本发明公开了DDM‑FG复合物的制备方法及在骨移植材料上的应用,尤其将DDM‑FG复合物用于牙槽骨缺损骨移植修复中;本研究中FG的加入使得DDM不易松散移位,提高了DDM的可操作性,尤其是配比为1:0.5时,DDM‑FG具有优秀的塑形性。DDM组、1:0.1组、1:0.5组材料的孔隙率和体外降解率基本满足作为骨移植材料的需要。当配比为1:0.1的DDM‑FG与MC3T3‑E1共培养时促进细胞黏附的作用最优。不同配比DDM‑FG复合物促进MC3T3‑E1细胞成骨分化的能力优于DDM和FG,配比为1:0.1时对ALP活性的影响及矿化结节的形成作用明显,配比为1:0.5时促进OC分泌的作用明显。动物实验中,配比为1:0.5时成骨效果最明显。综上,当DDM的颗粒大小为400‑1000μm时,混合比例为1:0.5(g/ml)的DDM‑FG复合物更适用于临床。

Description

DDM-FG复合物的制备方法及在骨移植材料上的应用
技术领域
本发明属于骨移植材料技术领域的应用,具体涉及DDM-纤维蛋白胶复合物的制备方法及在骨移植材料上的应用。
背景技术
近年来,因外伤、感染、肿瘤术后造成的牙槽骨损伤,经常需要植入骨或骨移植材料。随着种植技术的日渐成熟,骨增量技术在种植修复中的应用越来越广泛,对骨移植材料的研究也越来越多。目前的骨移植材料有自体骨、同种异体骨、异种异体骨及异质骨。自体骨一般来源于髂骨、腓骨、肋骨、下颌骨甚至部分颅骨,因其具有骨传导性、骨诱导性及骨生成性,被认为是骨移植的“金标准”。同种异体骨来源于活体(截肢/假体置换术)或死者捐献,具有骨传导性,而骨诱导性较弱,临床上常用的有脱钙人骨。异种异体骨有牛骨、猪骨等,临床上常用脱钙小牛骨。异质骨有羟磷灰石、生物玻璃、磷酸钙等,虽来源广泛,但其只具有骨传导性。

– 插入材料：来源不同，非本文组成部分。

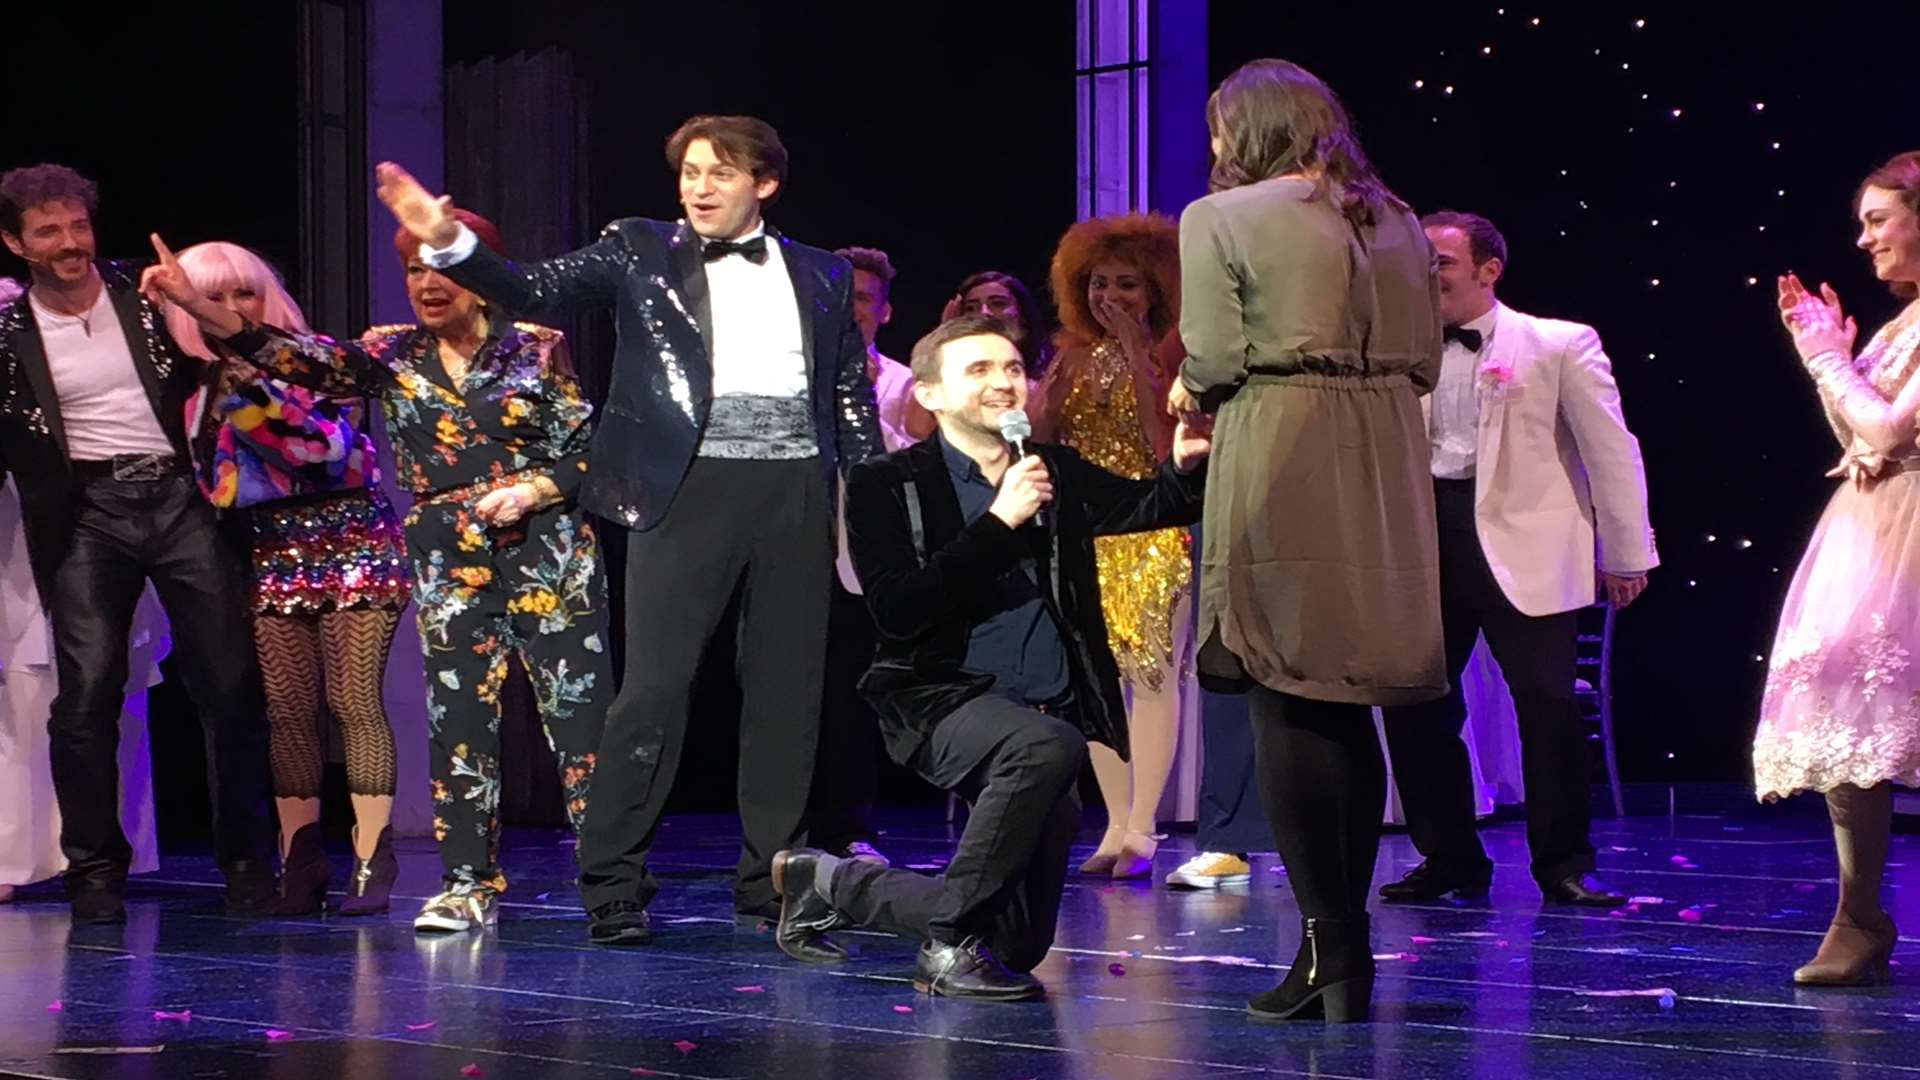 Kevin gets down on one knee at the end of the performance. Picture: Orchard Theatre

脱矿牙本质基质(demineralized dentinmatrix,DDM)是将离体牙去除牙釉质,牙骨质和牙髓组织,对剩余的牙本质进行处理后而制成的天然复合物;DDM可释放骨形态发生蛋白(bone morphogenetic protein,BMP)、血管内皮生长因子(vascular endothelialgrowth factor,VEGF)、转化生长因子β(transforming growth factor-β,TGF-β)等多种生长因子,被认为是一种具有骨诱导作用的骨替代材料。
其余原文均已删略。